Regional and developmental brain expression patterns of SNAP25 splice variants

被引:32
作者
Prescott, Gerald R. [1 ]
Chamberlain, Luke H. [1 ]
机构
[1] Univ Edinburgh, Ctr Integrat Physiol, Sch Biomed Sci, Edinburgh EH8 9XD, Midlothian, Scotland
来源
BMC NEUROSCIENCE | 2011年 / 12卷
基金
英国医学研究理事会;
关键词
DIFFERENTIAL EXPRESSION; NEUROTRANSMITTER RELEASE; SNAP-25; ISOFORMS; PROTEIN; PALMITOYLATION; IDENTIFICATION; EXOCYTOSIS; SYNDET;
D O I
10.1186/1471-2202-12-35
中图分类号
Q189 [神经科学];
学科分类号
071006 ;
摘要
Background: SNAP25 is an essential SNARE protein for regulated exocytosis in neuronal cells. Differential splicing of the SNAP25 gene results in the expression of two transcripts, SNAP25a and SNAP25b. These splice variants differ by only 9 amino acids, and studies of their expression to date have been limited to analysis of the corresponding mRNAs.

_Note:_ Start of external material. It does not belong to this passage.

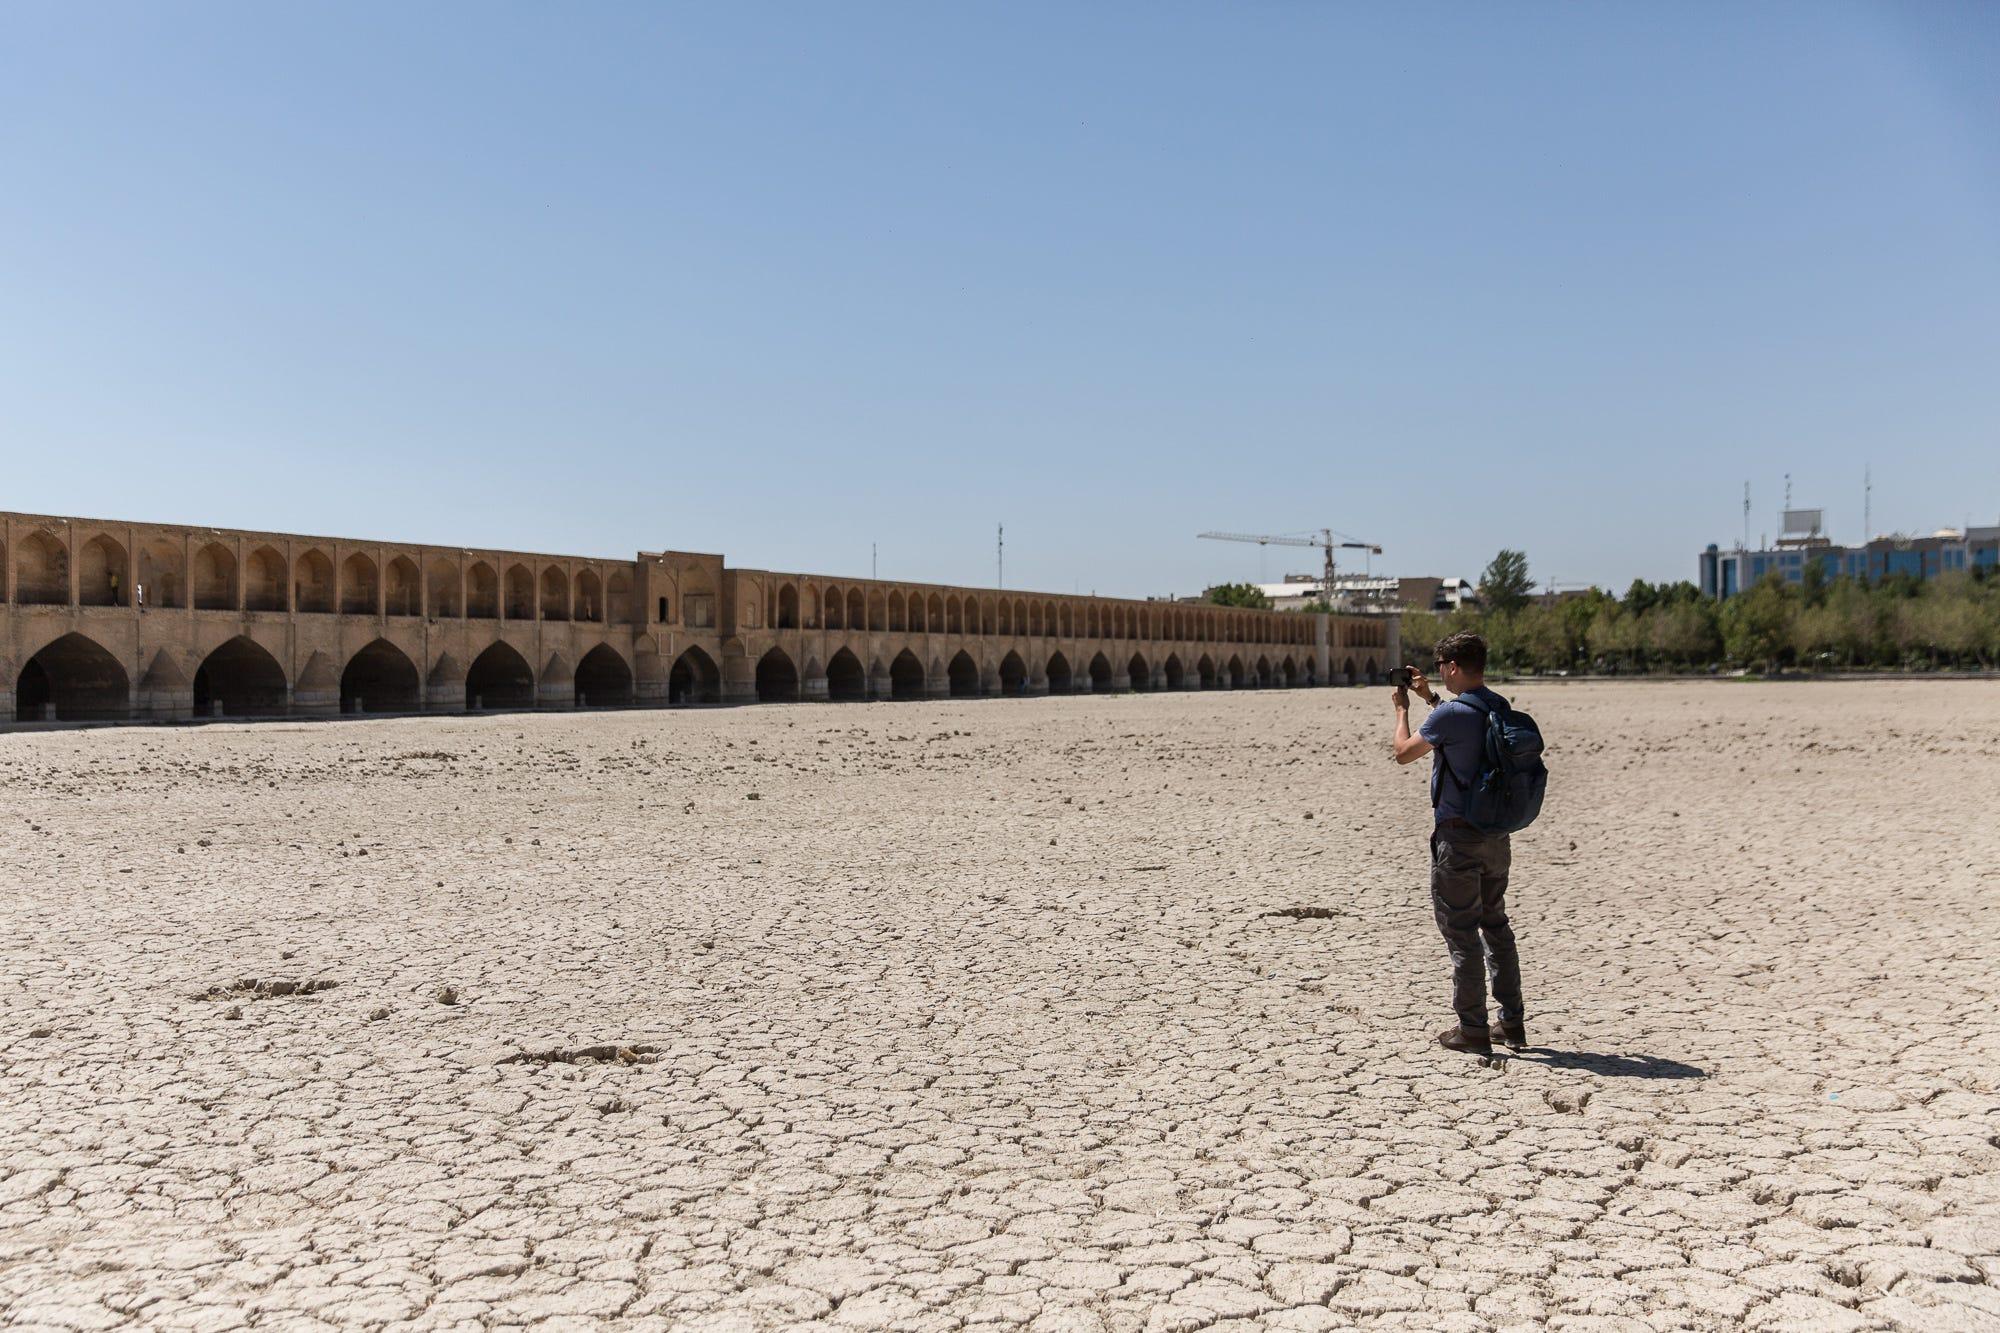 Kim Hjelmgaard takes a photo of Isfahan's Allahverdi Khan Bridge, also known as Siosepol.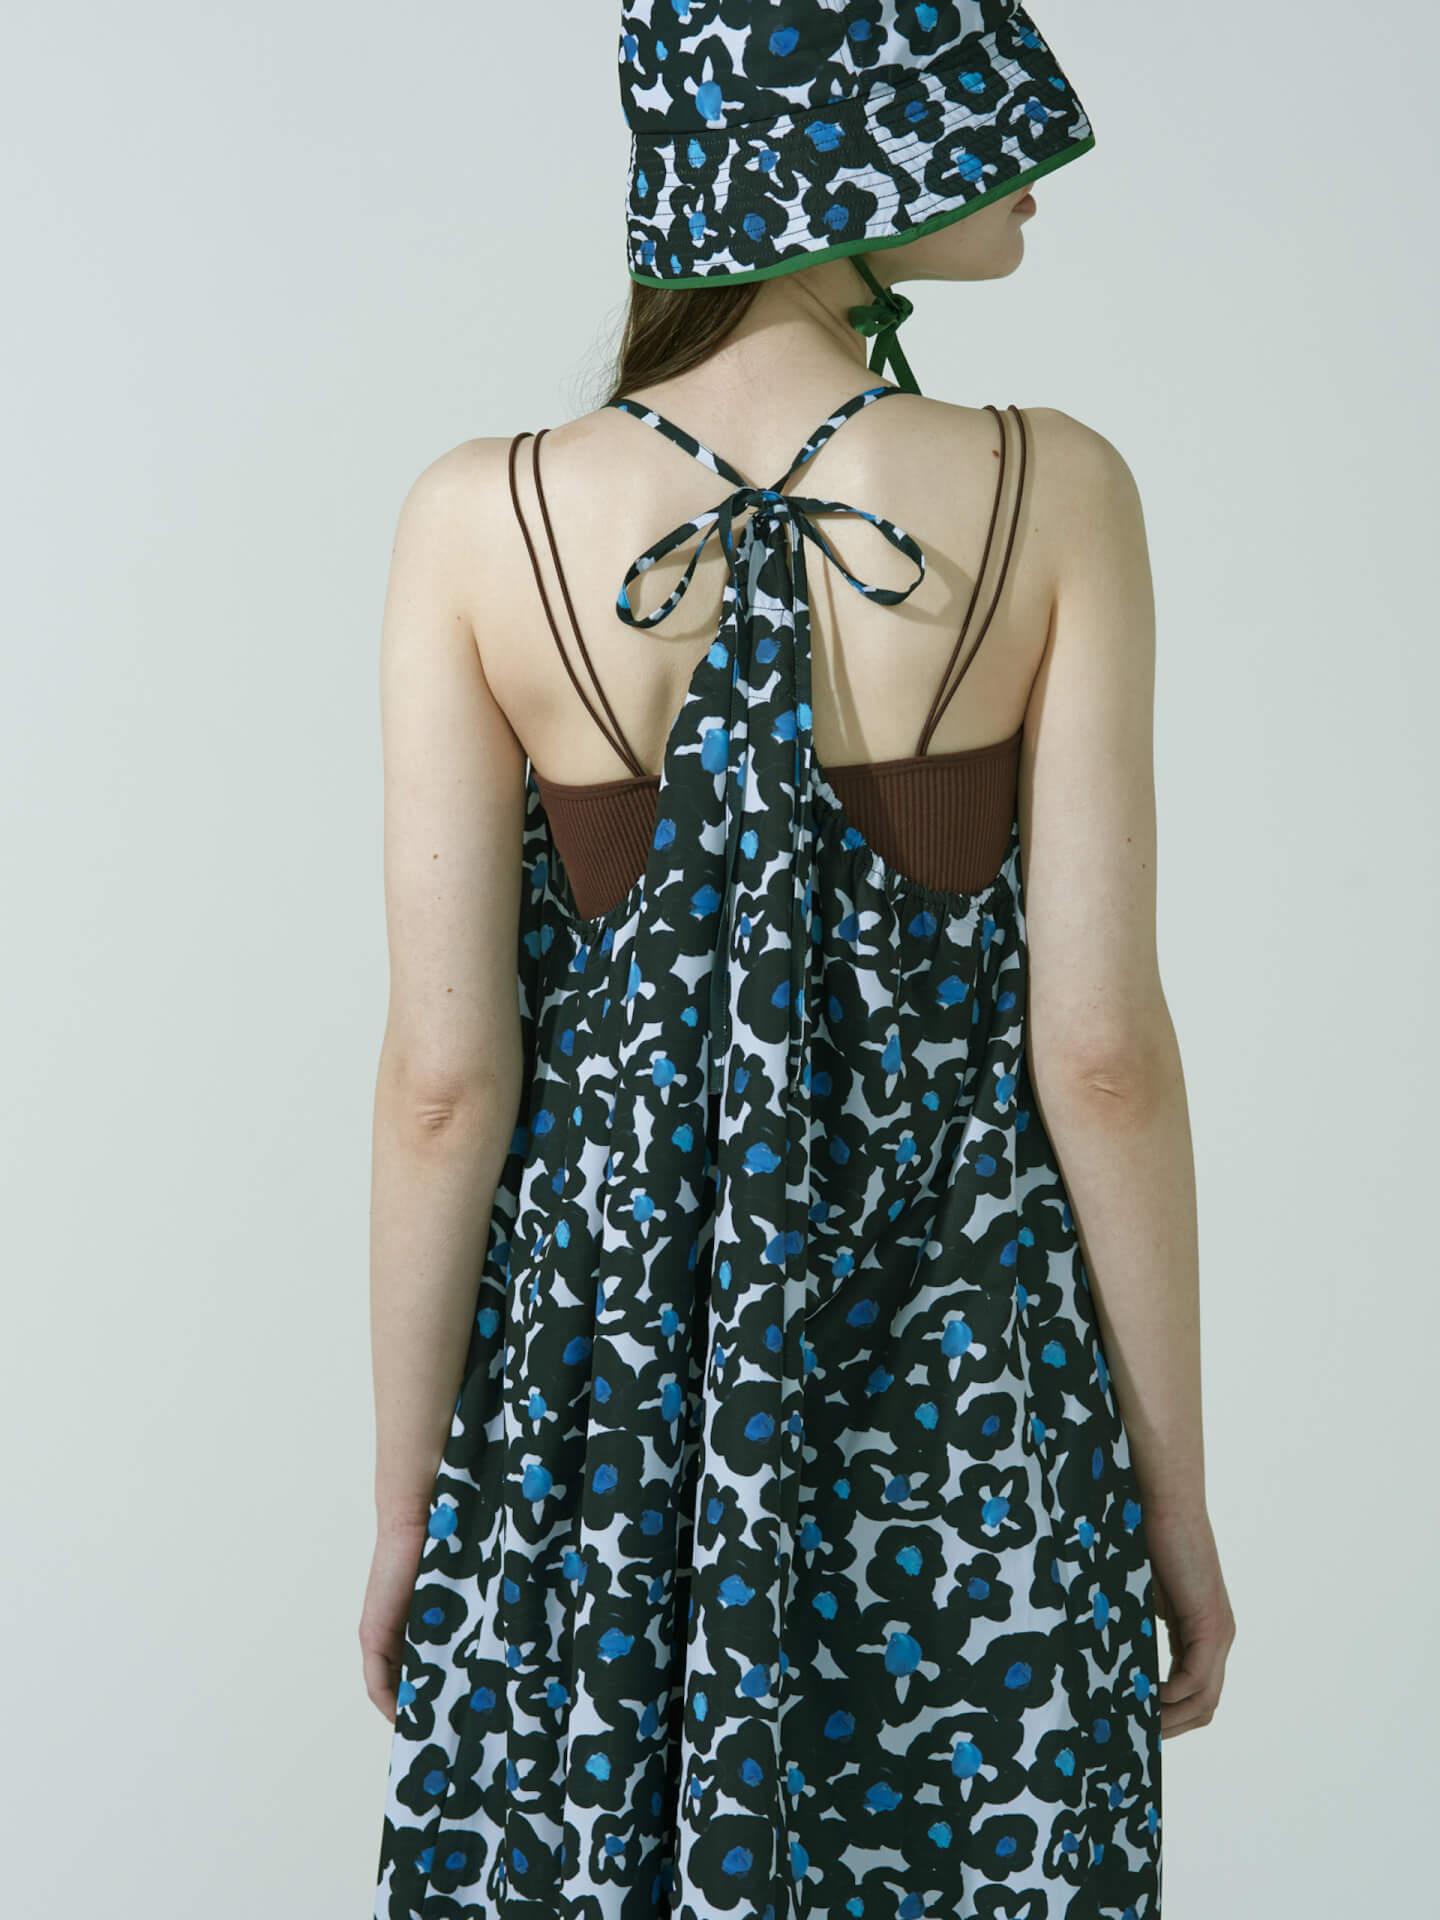 CHAIのベーシスト・YUUKIによるプロジェクト「YMYM」よりファッションブランドオープン!2021年春夏コレクション&描き下ろし絵画などの展示会も life210405_ymym_14

Although these studies have been highly informative, it is possible that factors such as differential turnover of the SNAP25 proteins could complicate interpretations based entirely on mRNA expression profiles. Results: We report the generation and characterization of antibodies that distinguish between SNAP25a and SNAP25b isoforms, and their use to investigate the expression profile of these proteins in rat and human brain. In rat brain, SNAP25b protein expression increased dramatically during post-natal development, whereas the increase in SNAP25a expression was more modest and variable. The extent of this up-regulation in SNAP25b expression was similar across cortex, cerebellum and hippocampus. The SNAP25 isoforms also displayed distinct regional expression patterns, with SNAP25a very weakly expressed in both rat and human cerebellum. Quantitative analysis revealed that SNAP25b was the dominant isoform in all adult human brain regions examined. Conclusions: SNAP25a and SNAP25b display distinct developmental and regional expression profiles in rat and human brain. These differences might reflect distinct functions of these highly conserved isoforms in membrane fusion pathways in the brain. The antibodies generated and characterized in this study represent important tools for future analyses of these essential SNARE protein isoforms.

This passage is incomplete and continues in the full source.